4. \(\cos\left(\frac{11\pi}{6}\right) = \cos\left(\frac{\pi}{6}\right)\)

5. \(\sin\left(\frac{7\pi}{6}\right) = -\sin\left(\frac{\pi}{6}\right)\)

6. \(\tan\left(\frac{11\pi}{4}\right) = \tan\left(\frac{3\pi}{4}\right) = -\tan\left(\frac{\pi}{4}\right)\)

Question 2 简单

不使用计算器，计算下列各式的值：

\(\cos 270°\)
\(\sin 225°\)
\(\tan 240°\)
\(\cos \pi\)
\(\tan\left(\frac{5\pi}{4}\right)\)
\(\sin\left(\frac{3\pi}{2}\right)\)

答案

1. \(\cos 270° = 0\)

2. \(\sin 225° = -\sin 45° = -\frac{\sqrt{2}}{2}\)

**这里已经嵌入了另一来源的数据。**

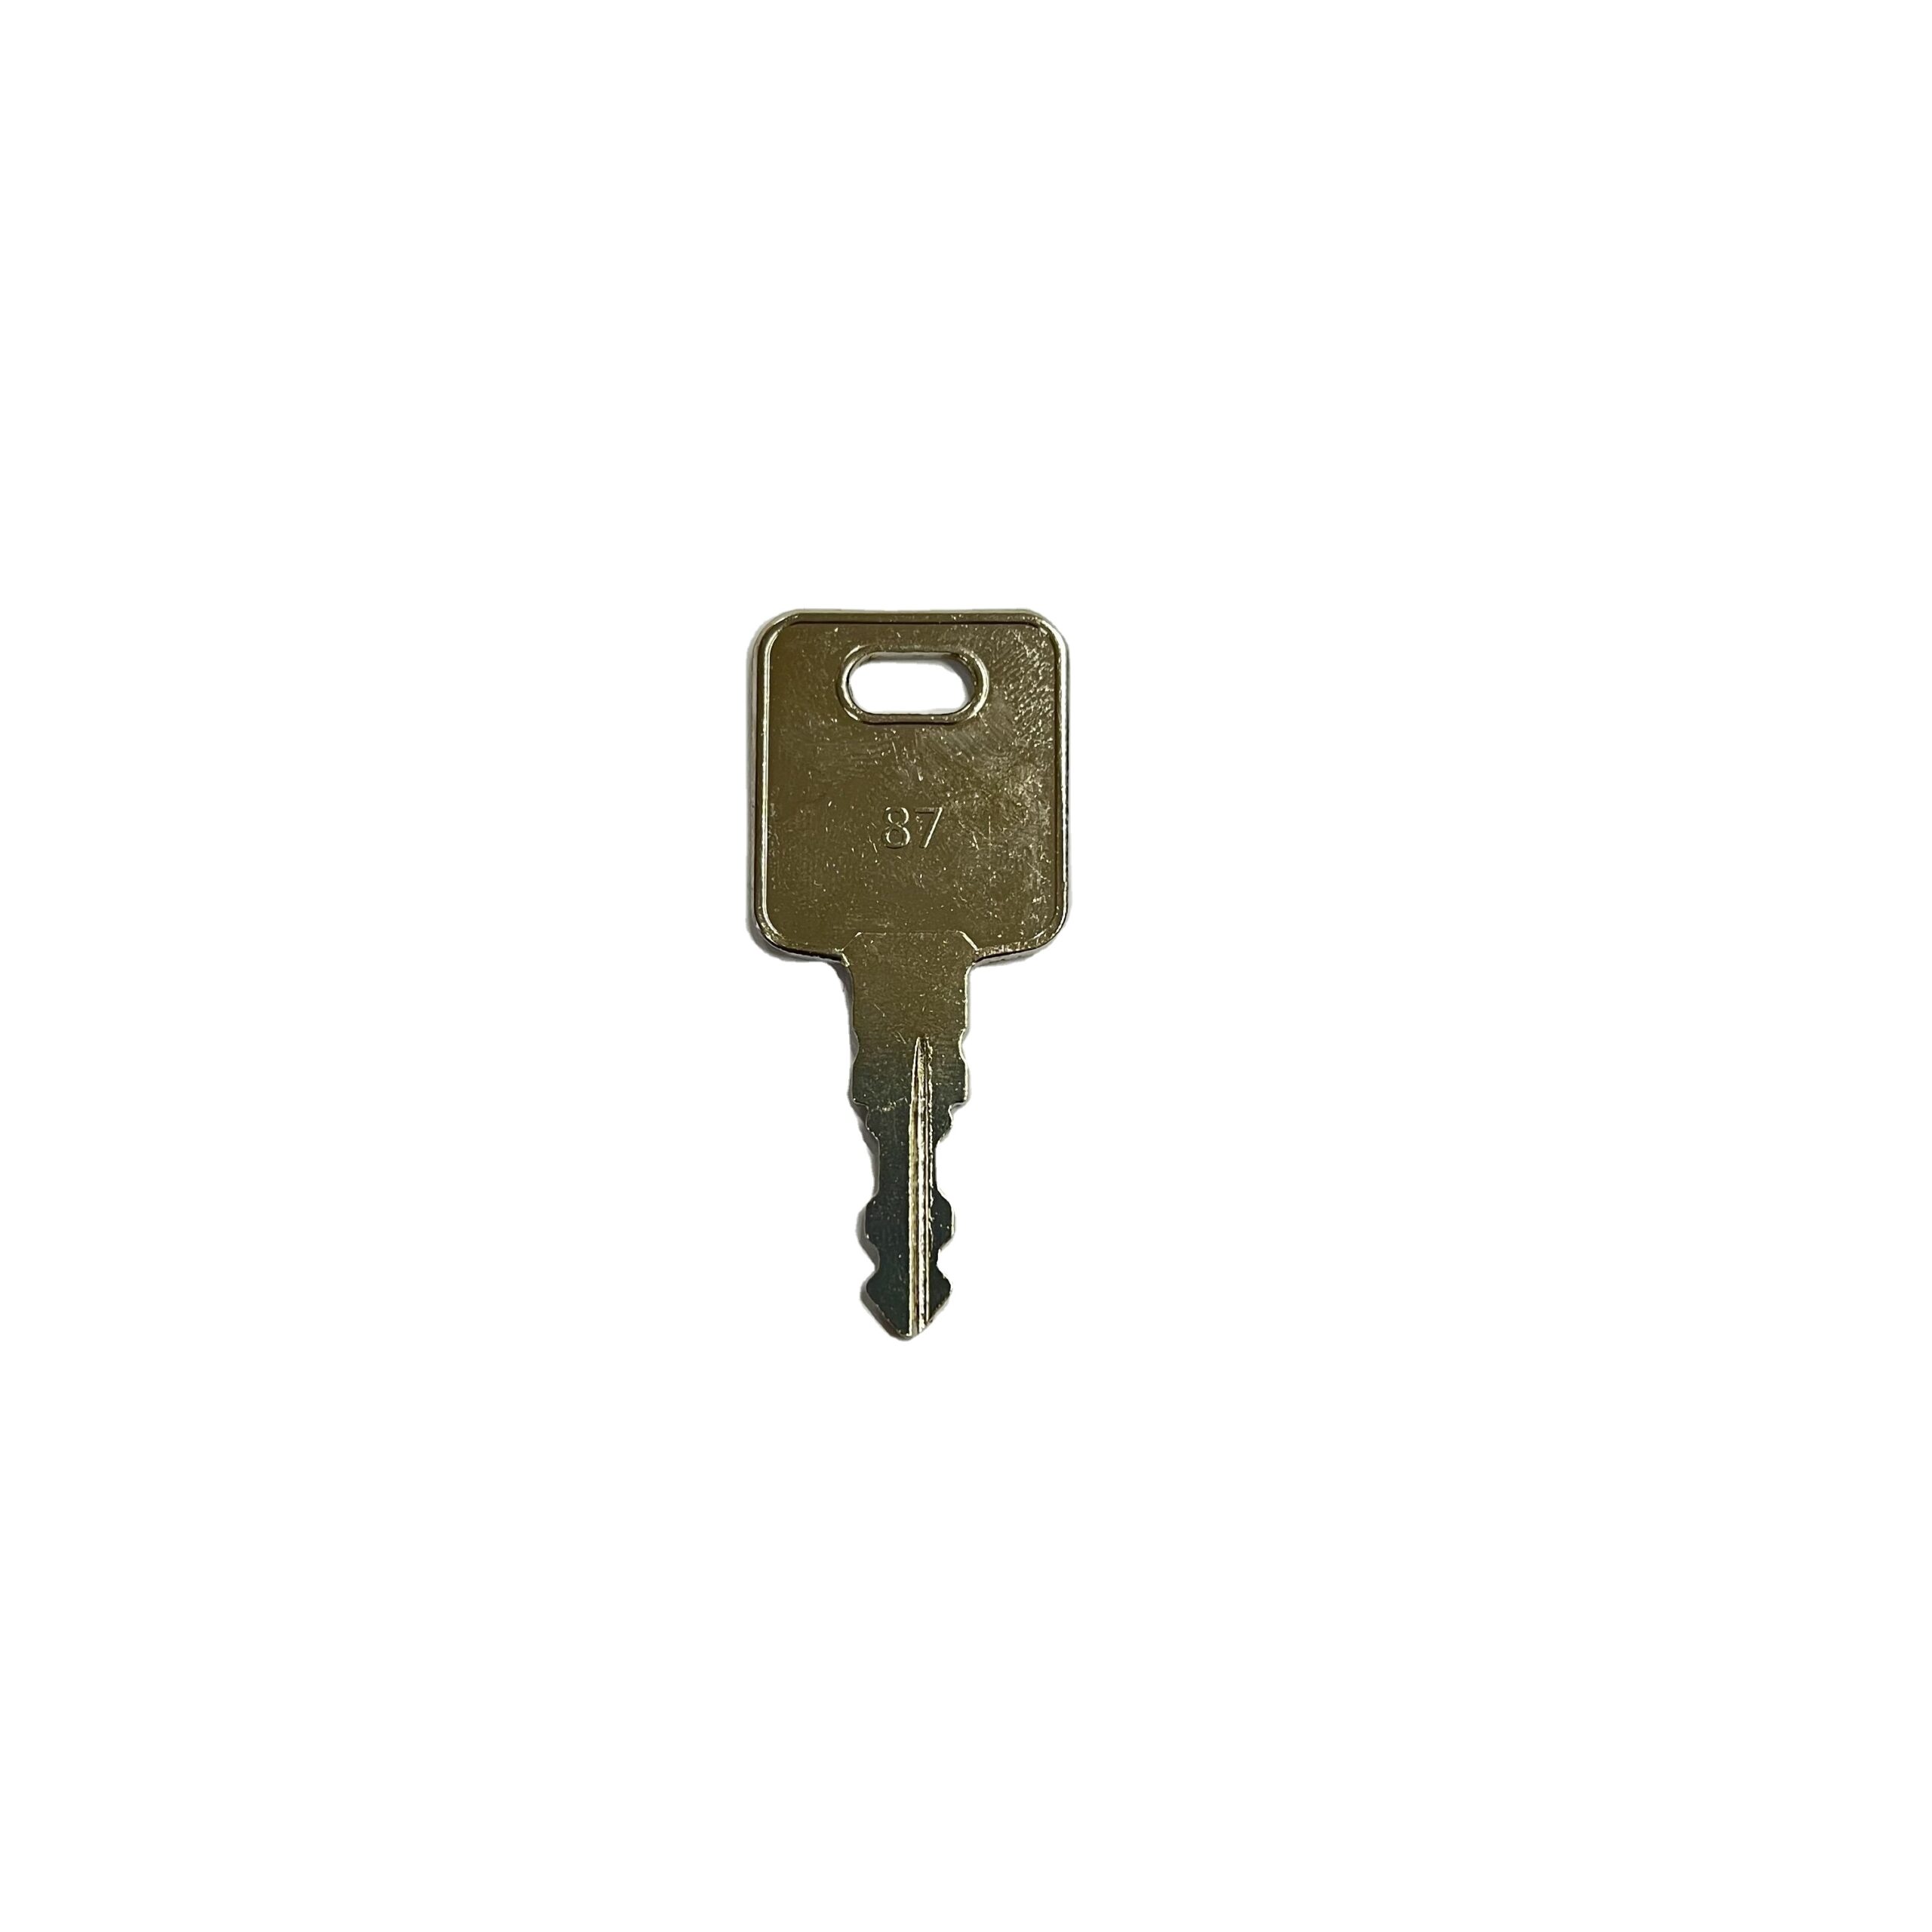 ANNHOO999 2pc Key RV MK9901 for FIC Code 9901 M 6601 Rv-Motorhome-Master Green Key

3. \(\tan 240° = \tan 60° = \sqrt{3}\)

4. \(\cos \pi = -1\)

5. \(\tan\left(\frac{5\pi}{4}\right) = \tan\left(\frac{\pi}{4}\right) = 1\)

6. \(\sin\left(\frac{3\pi}{2}\right) = -1\)

中等难度练习题

Question 3 中等

已知角 \(A\) 是钝角且 \(\cos A = -\sqrt{\frac{7}{11}}\)，证明 \(\tan A = \frac{-2\sqrt{7}}{7}\)。

解题步骤：

使用毕达哥拉斯恒等式：\(\sin^2 A + \cos^2 A = 1\)
代入 \(\cos A = -\sqrt{\frac{7}{11}}\)：\(\sin^2 A + \frac{7}{11} = 1\)
解得：\(\sin^2 A = 1 - \frac{7}{11} = \frac{4}{11}\)
所以：\(\sin A = \sqrt{\frac{4}{11}} = \frac{2}{\sqrt{11}}\)（因为A是钝角，sin A > 0）
计算：\(\tan A = \frac{\sin A}{\cos A} = \frac{\frac{2}{\sqrt{11}}}{-\sqrt{\frac{7}{11}}} = \frac{-2\sqrt{7}}{7}\)

Question 4 中等

已知角 \(B\) 是优角且 \(\tan B = +\frac{\sqrt{21}}{2}\)，求 \(\sin B\) 和 \(\cos B\) 的精确值。

解题步骤：

设 \(\tan B = \frac{\sqrt{21}}{2} = \frac{\sin B}{\cos B}\)
设 \(\sin B = k\sqrt{21}\)，\(\cos B = 2k\)（k为比例常数）
使用恒等式：\((k\sqrt{21})^2 + (2k)^2 = 1\)
解得：\(21k^2 + 4k^2 = 1\)，即 \(25k^2 = 1\)，所以 \(k = \frac{1}{5}\)
因此：\(\sin B = \frac{\sqrt{21}}{5}\)，\(\cos B = \frac{2}{5}\)

Question 5 中等

化简下列表达式：

\(\cos^4\theta - \sin^4\theta\)
\(\sin^2 3\theta - \sin^2 3\theta \cos^2 3\theta\)
\(\cos^4\theta + 2\sin^2\theta \cos^2\theta + \sin^4\theta\)

解题步骤：

a) \(\cos^4\theta - \sin^4\theta = (\cos^2\theta + \sin^2\theta)(\cos^2\theta - \sin^2\theta) = 1 \cdot \cos 2\theta = \cos 2\theta\)
b) \(\sin^2 3\theta - \sin^2 3\theta \cos^2 3\theta = \sin^2 3\theta(1 - \cos^2 3\theta) = \sin^2 3\theta \cdot \sin^2 3\theta = \sin^4 3\theta\)
c) \(\cos^4\theta + 2\sin^2\theta \cos^2\theta + \sin^4\theta = (\cos^2\theta + \sin^2\theta)^2 = 1^2 = 1\)

高难度练习题

Question 6 困难

a) 已知 \(2(\sin x + 2\cos x) = \sin x + 5\cos x\)，求 \(\tan x\) 的精确值。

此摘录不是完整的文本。